▶ _RECORDS PROVIDED_:
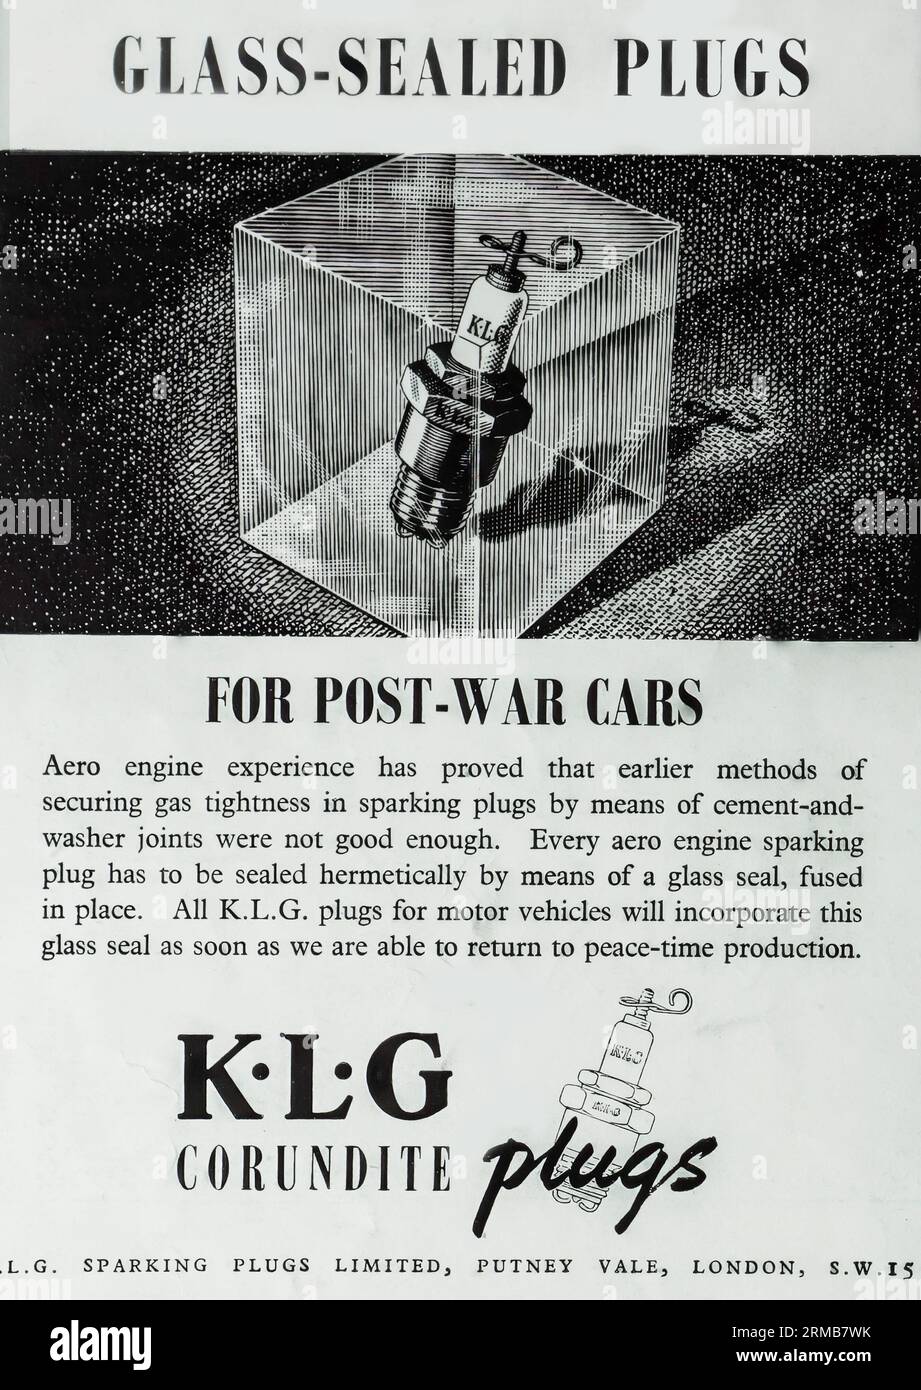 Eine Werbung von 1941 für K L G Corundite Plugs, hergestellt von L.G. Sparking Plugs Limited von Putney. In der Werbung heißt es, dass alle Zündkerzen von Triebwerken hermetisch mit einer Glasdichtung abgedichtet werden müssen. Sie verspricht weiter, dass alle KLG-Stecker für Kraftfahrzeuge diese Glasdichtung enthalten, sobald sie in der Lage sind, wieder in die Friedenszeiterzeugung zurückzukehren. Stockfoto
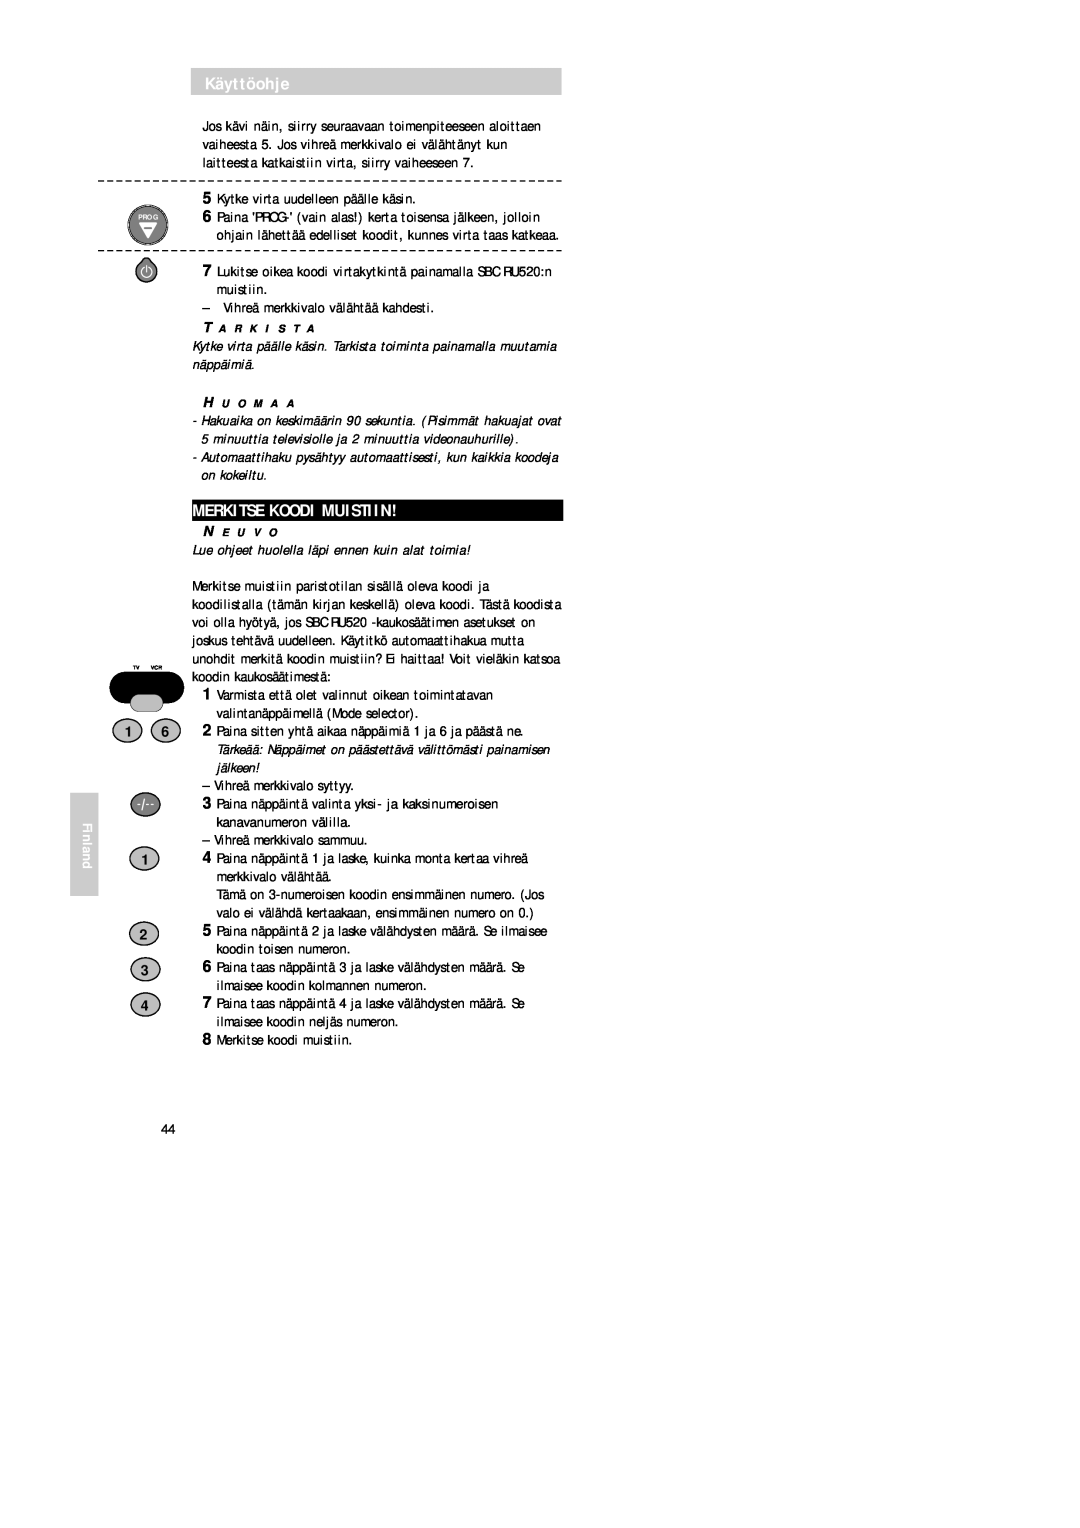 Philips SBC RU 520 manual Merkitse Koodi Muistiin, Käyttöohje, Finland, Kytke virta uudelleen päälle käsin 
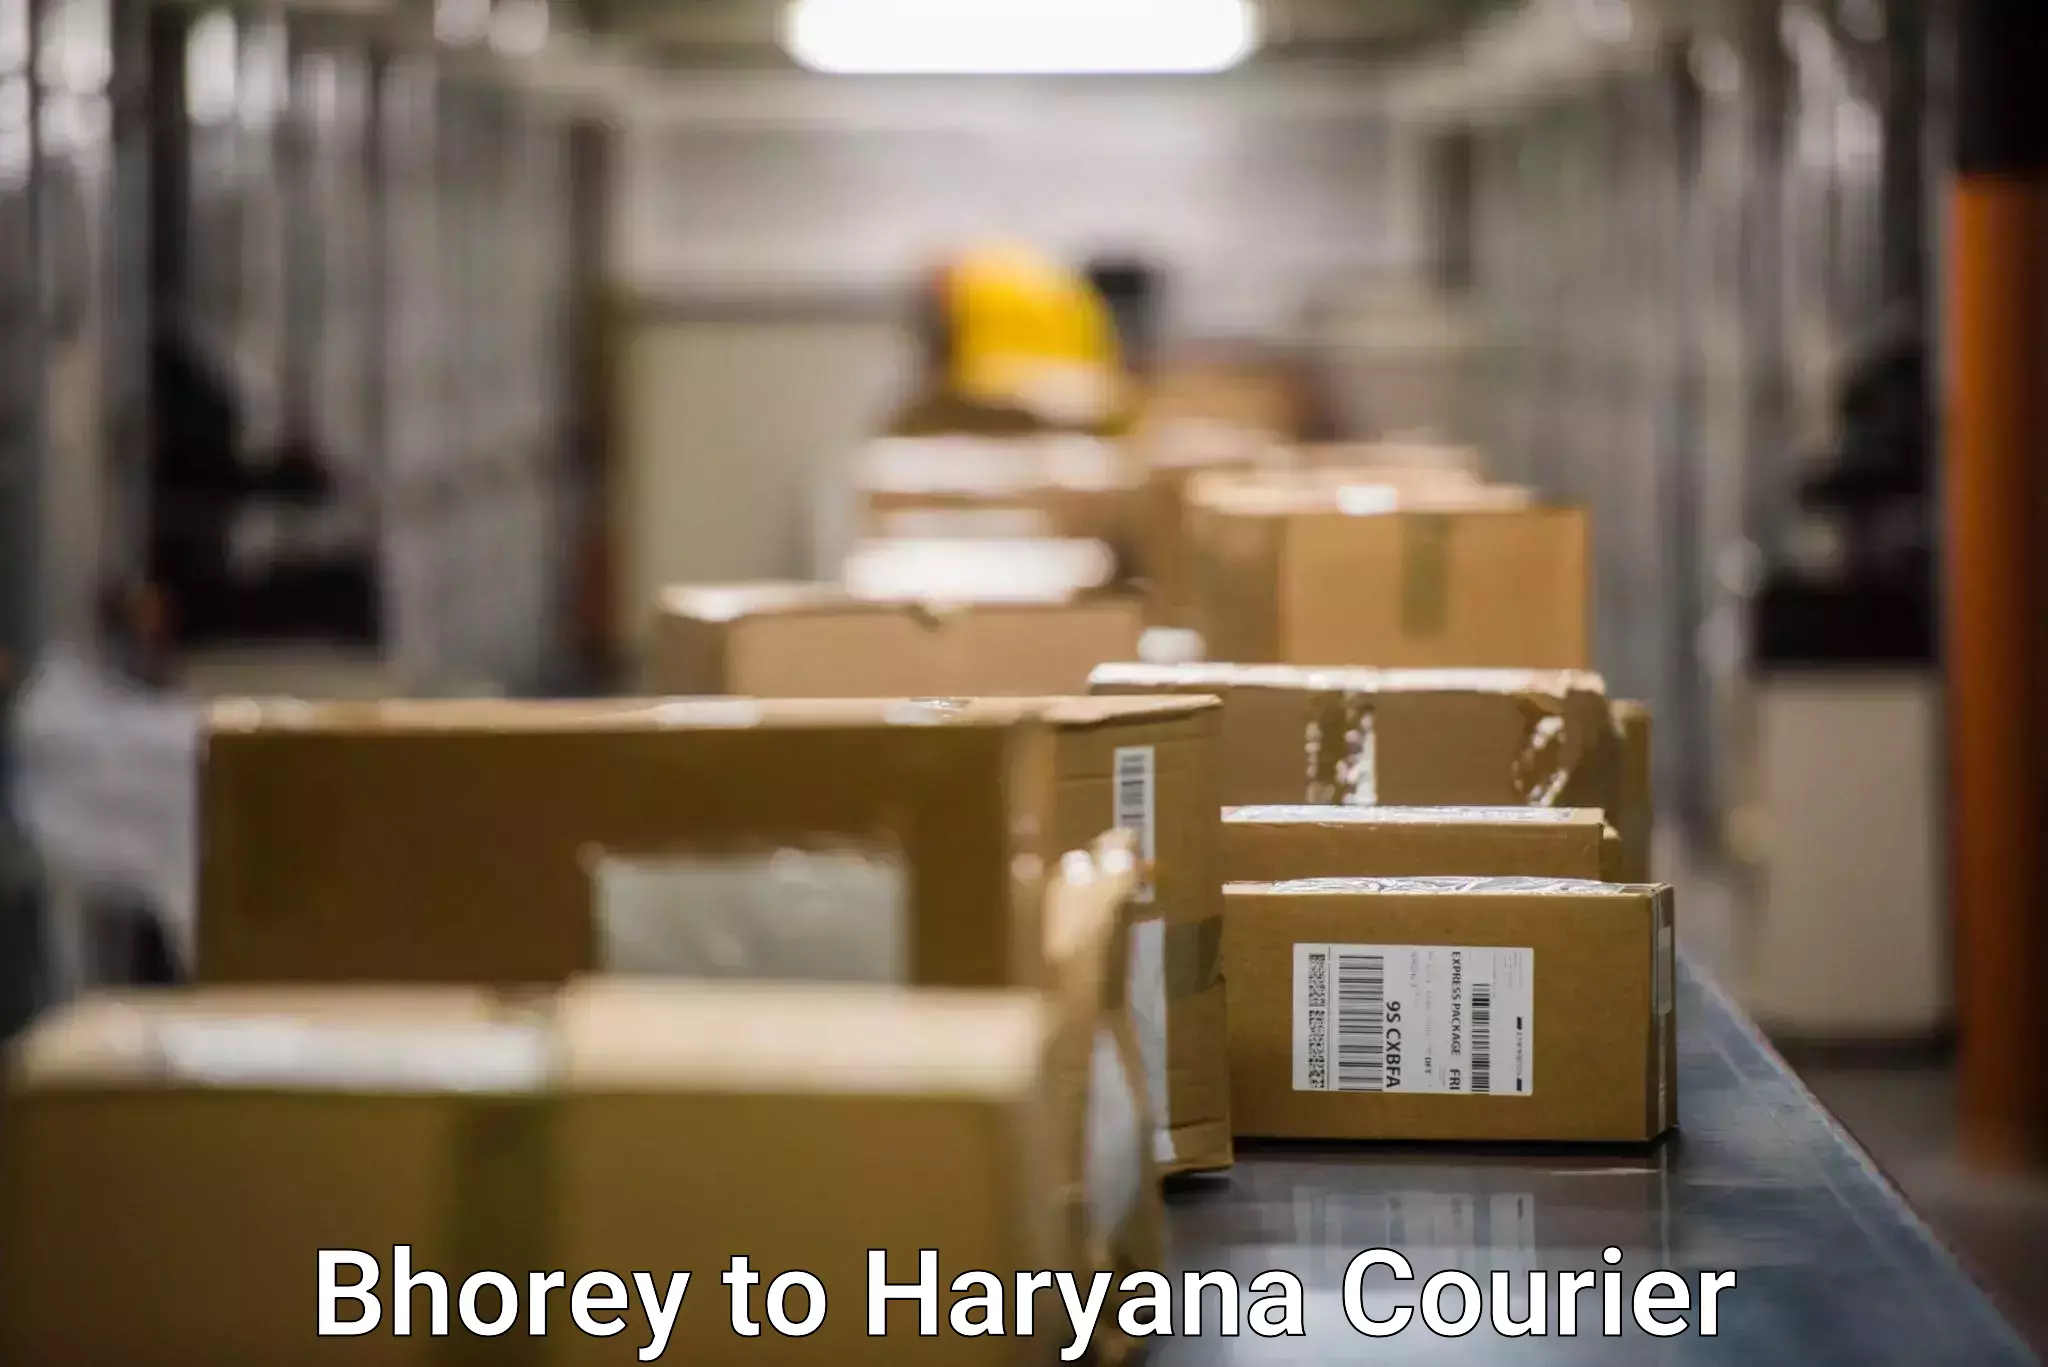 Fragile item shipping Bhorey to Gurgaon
---
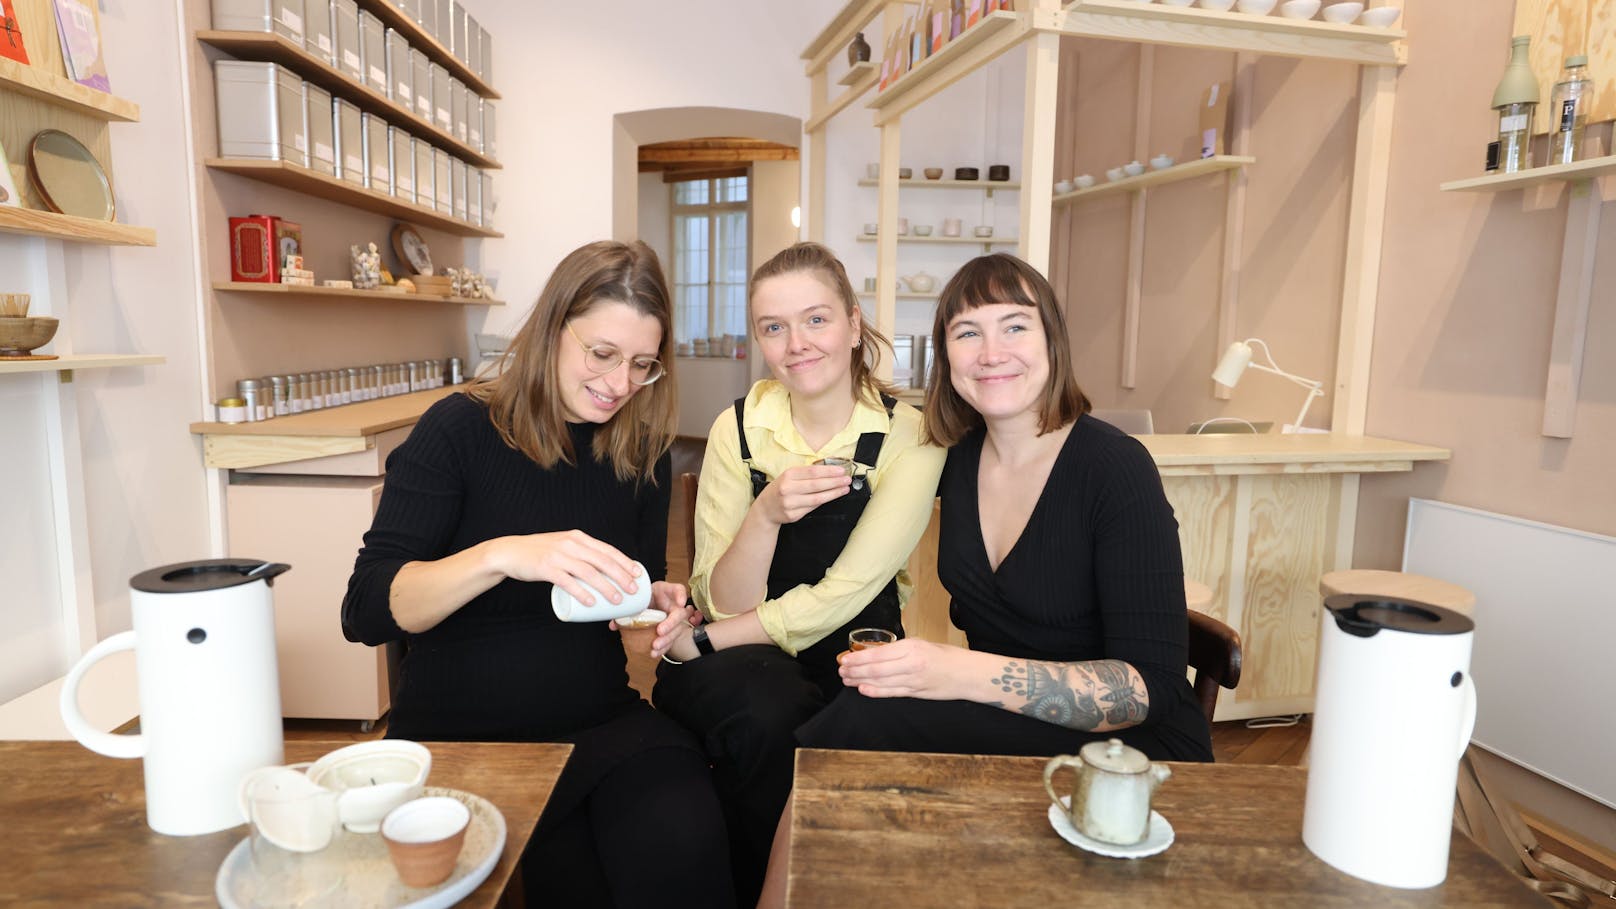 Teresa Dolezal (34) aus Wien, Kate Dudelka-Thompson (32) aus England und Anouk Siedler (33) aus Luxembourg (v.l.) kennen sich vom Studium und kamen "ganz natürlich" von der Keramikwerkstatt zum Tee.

▶ _DIRECTIONS_:
From the records above, transcribe exactly the lines starting at the one containing "Eine Werbung von" and ending at the one containing "Fragile item shipping Bhorey to Gurgaon". Skip the pictures.

▶ _YOUR RESPONSE_:
 Eine Werbung von 1941 für K L G Corundite Plugs, hergestellt von L.G. Sparking Plugs Limited von Putney. In der Werbung heißt es, dass alle Zündkerzen von Triebwerken hermetisch mit einer Glasdichtung abgedichtet werden müssen. Sie verspricht weiter, dass alle KLG-Stecker für Kraftfahrzeuge diese Glasdichtung enthalten, sobald sie in der Lage sind, wieder in die Friedenszeiterzeugung zurückzukehren. Stockfoto
 Philips SBC RU 520 manual Merkitse Koodi Muistiin, Käyttöohje, Finland, Kytke virta uudelleen päälle käsin 
 Fragile item shipping Bhorey to Gurgaon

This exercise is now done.